故黒澤明監督作品。戦乱で破れた国の姫を友好国に脱出させるために、家臣が放浪していた百姓2人を道連れに金二百貫をもって敵国突破を試みる冒険活劇。
特典映像で監督が話すように、解りやすくて面白い映画がいい映画だ、の言葉がぴったりの映画。主人公が機転と技量で数々の困難を突破するRPGの先駆けのような内容に、欲に目がくらんで懲りない失敗を繰り返す人間の性がユーモラスに描かれており、見所は尽きない。本作品で強調したい点は、エキストラを含めたすべての配役が危険を顧みないアクションを演じていることである。冒頭の数百人の奴隷が暴徒と化して石段を駆け下りる危険な映像には鳥肌が立った(危ないって)。CGに頼る現在では絶対に撮れないように思うし、『パフューム』のラストなど比べものにならない。三船敏郎が疾走する馬上で戦うシーンも危険なアクションを本人が演じている。
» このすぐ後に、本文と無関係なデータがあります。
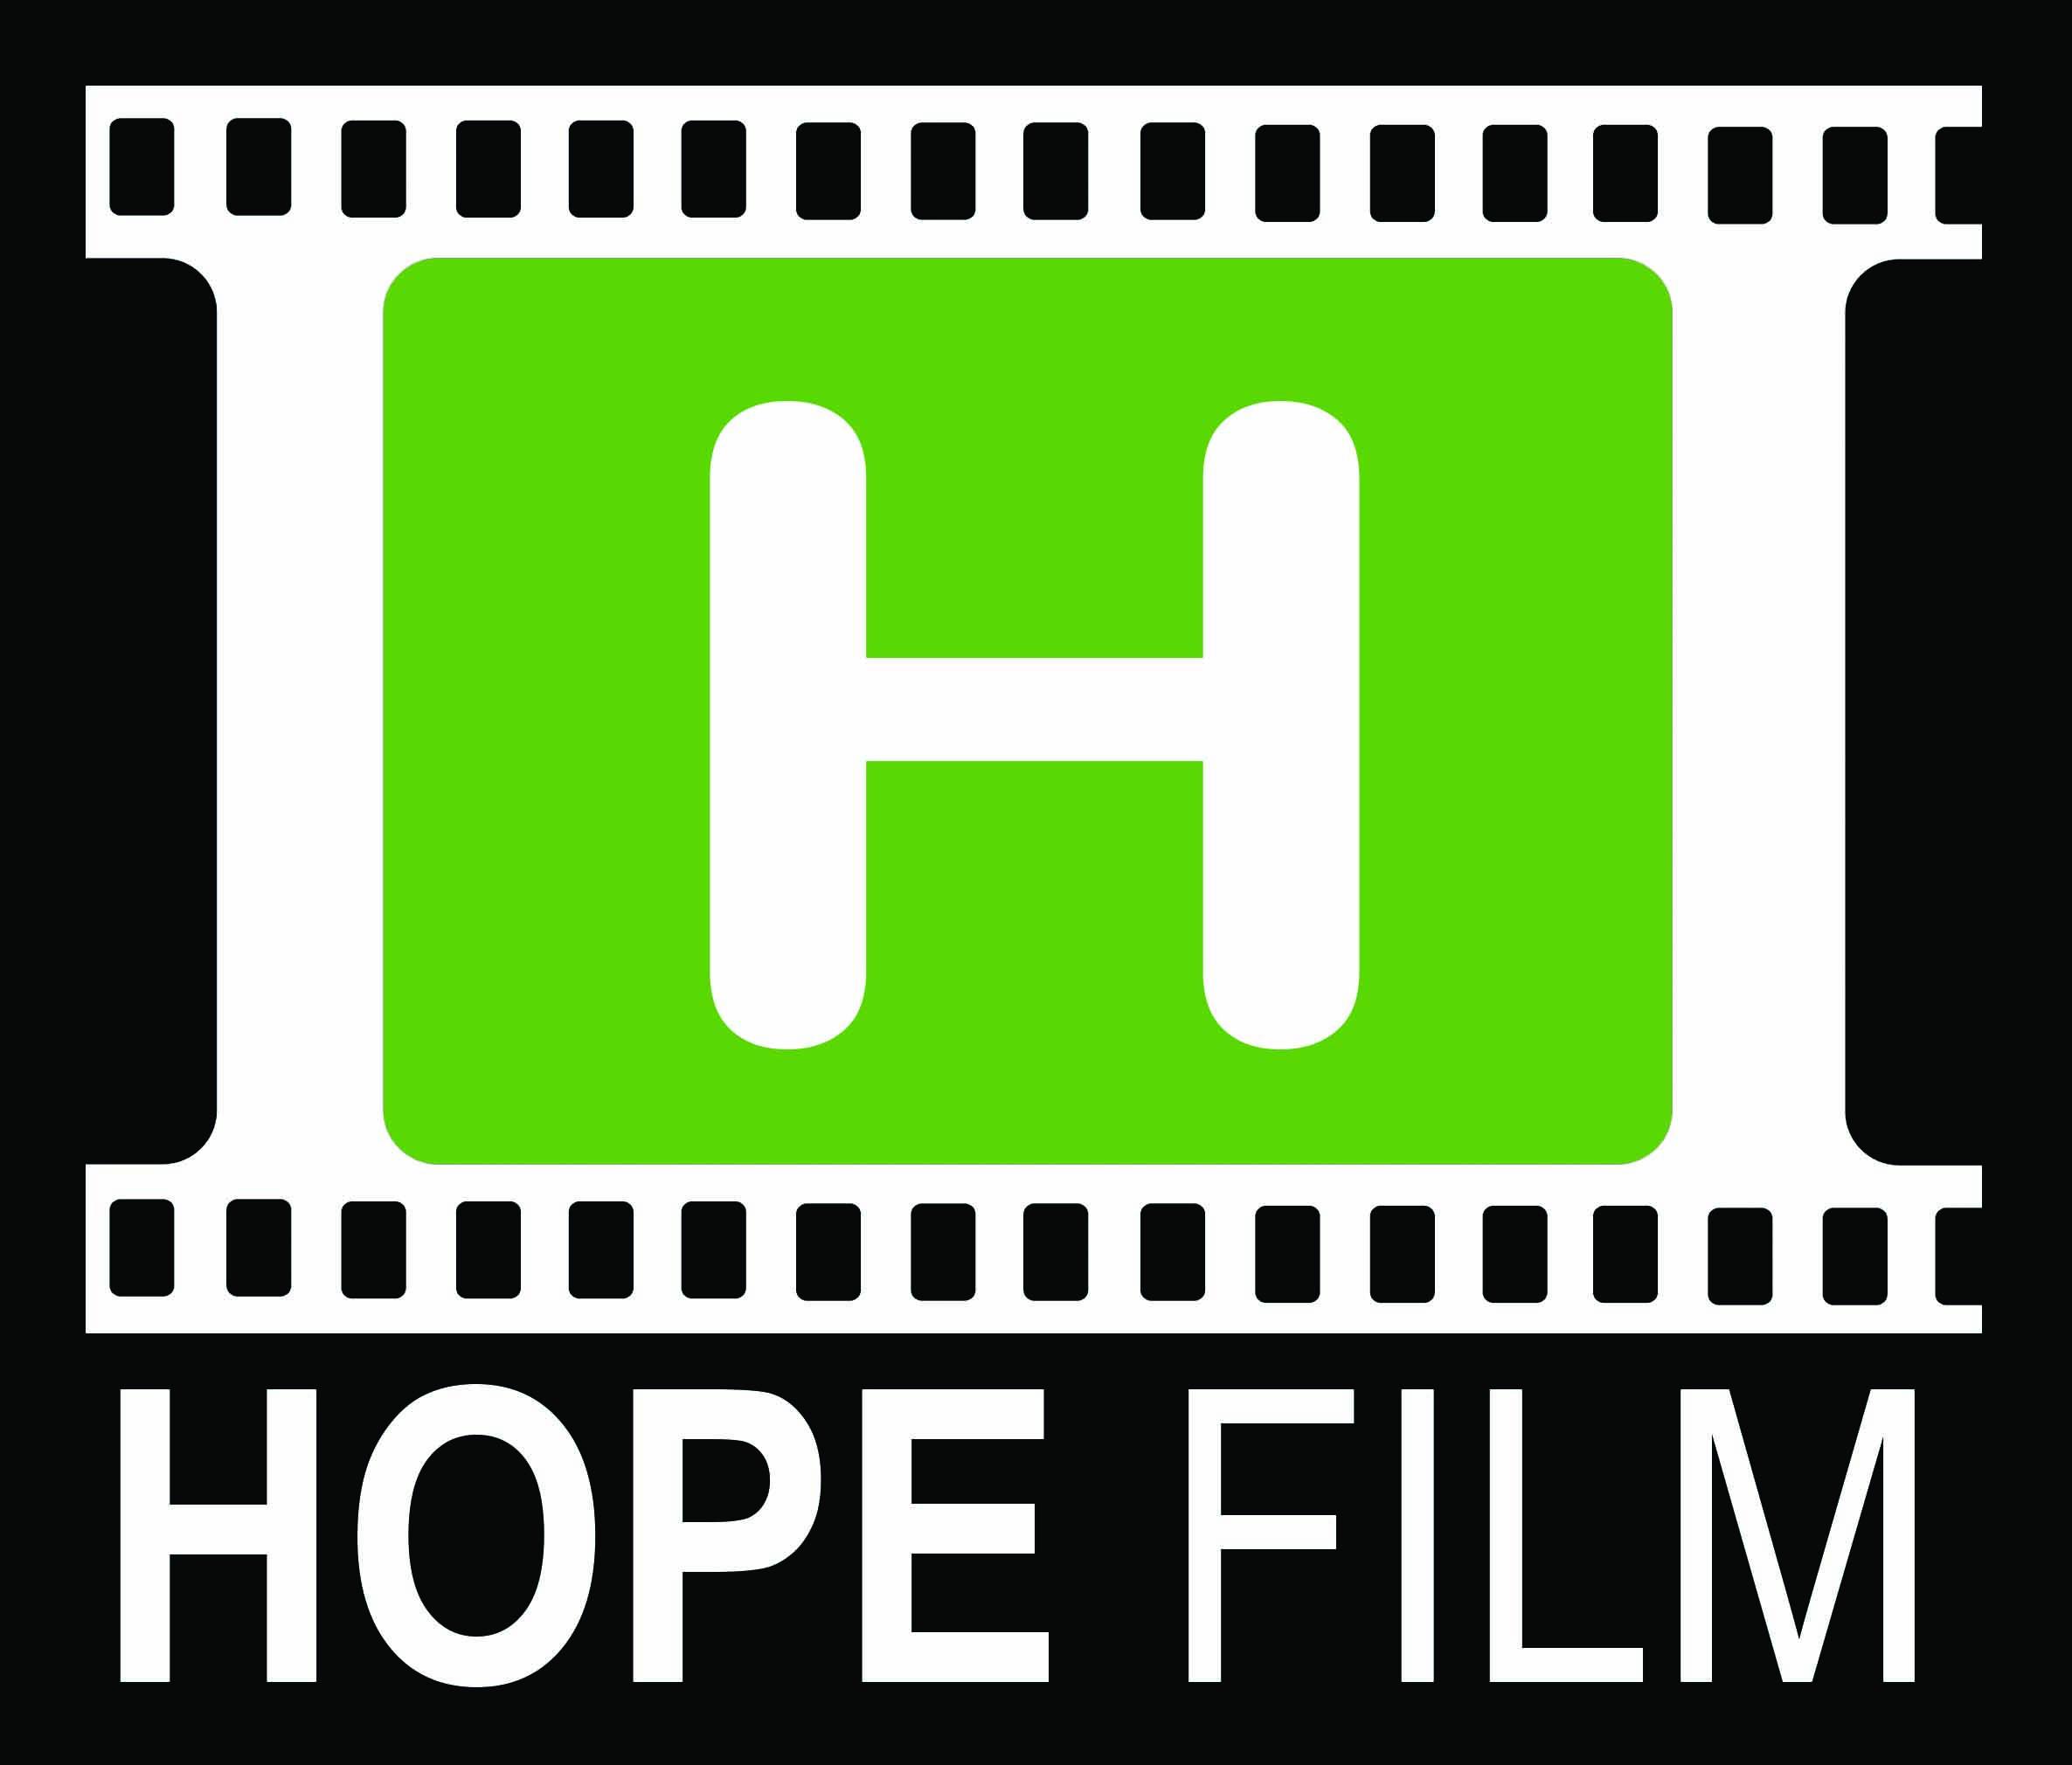 Hope Film - Video Maker Studio
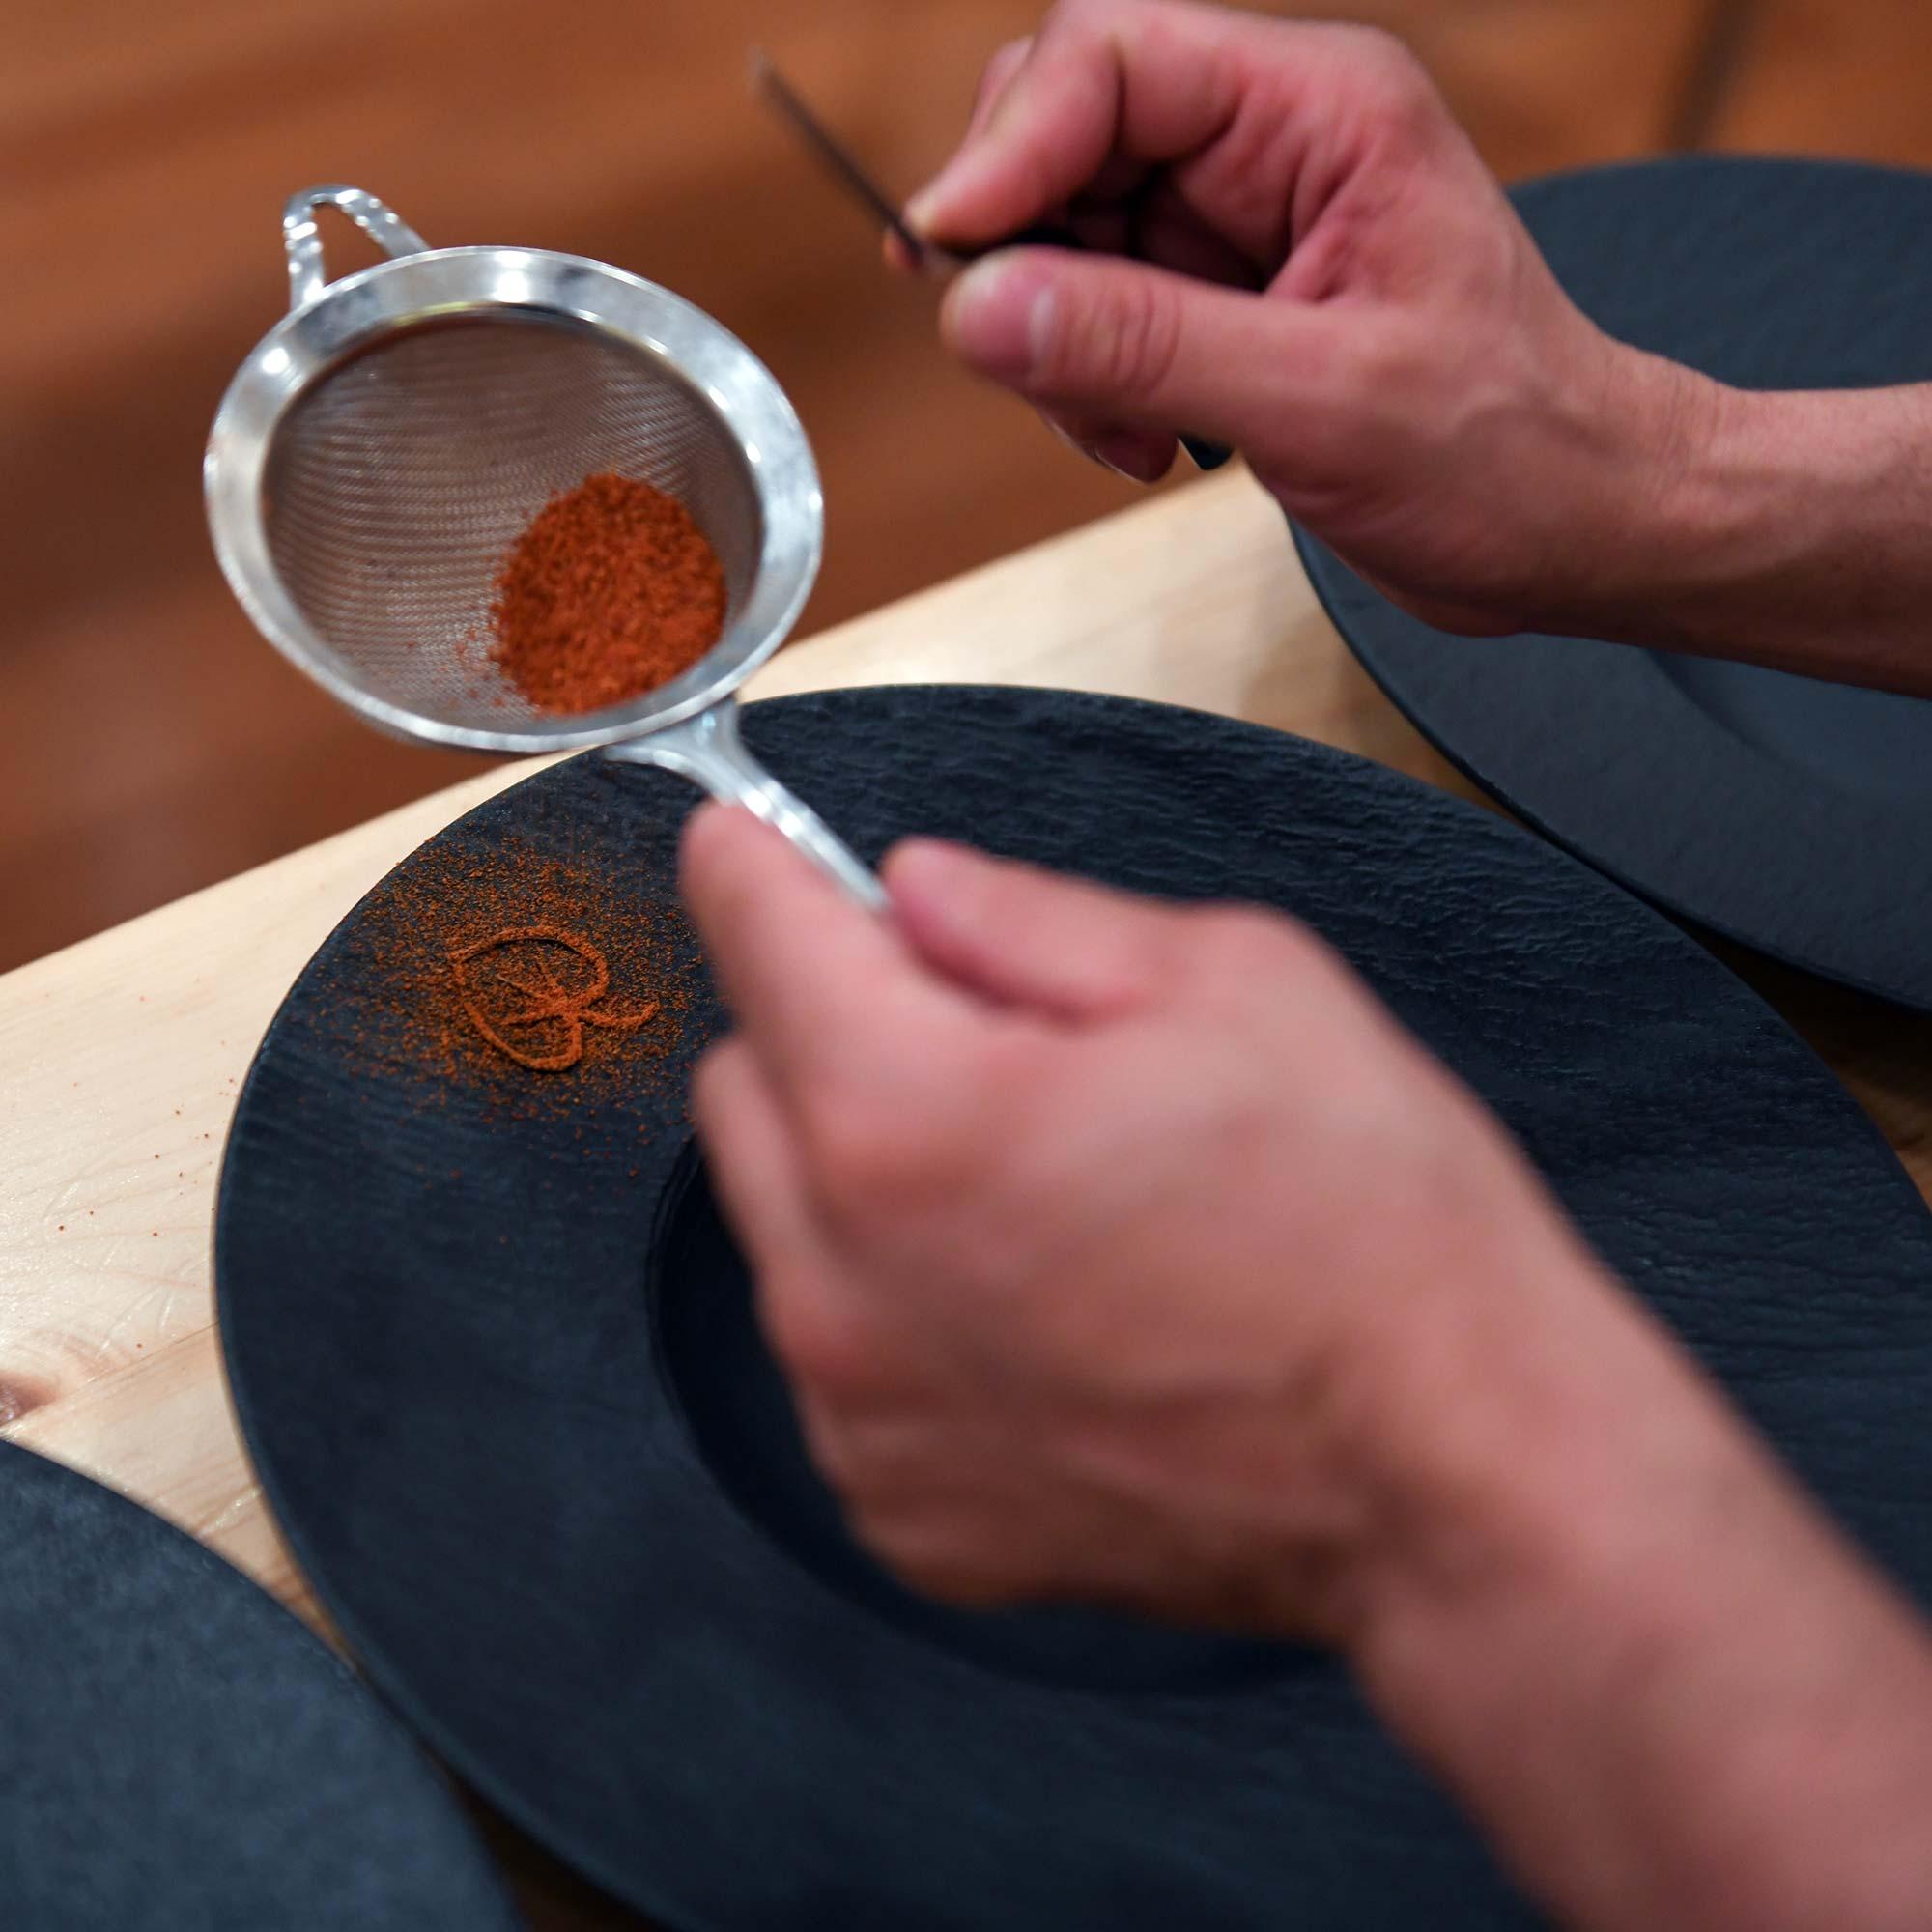 Une main dépose une épices en tamis sur une assiette

冒頭の落ち武者が空に手を伸ばしたまま息絶えるシーン(死後硬直がはじまる前にこのような姿勢で死亡することはあり得ない)や、槍での決闘シーン、ラストの城内シーンなどやや芝居がかりがすぎる感もするが、時代考証やリアリティーを度外視した娯楽ものの演出と見るべきだと好意的に解釈したい。付録の冊子にある上原美佐(雪姫)の普段着のスナップ写真は、劇中の雪姫よりも美しい。
伝えたい映像を表現するために、現在はCGを多用しているが(それ自体は否定しないが)、そのようなもの抜きに娯楽作品に必要な要素は何かを考えさせられる作品として勧められる。このシリーズはとにかく値段が高いのが難点であることと、個人的には『赤ひげ』や『七人の侍』の方が好きなので、これと比較する意味で敢えて星4つとしたが、星5つとする他のレビューにも異論はない。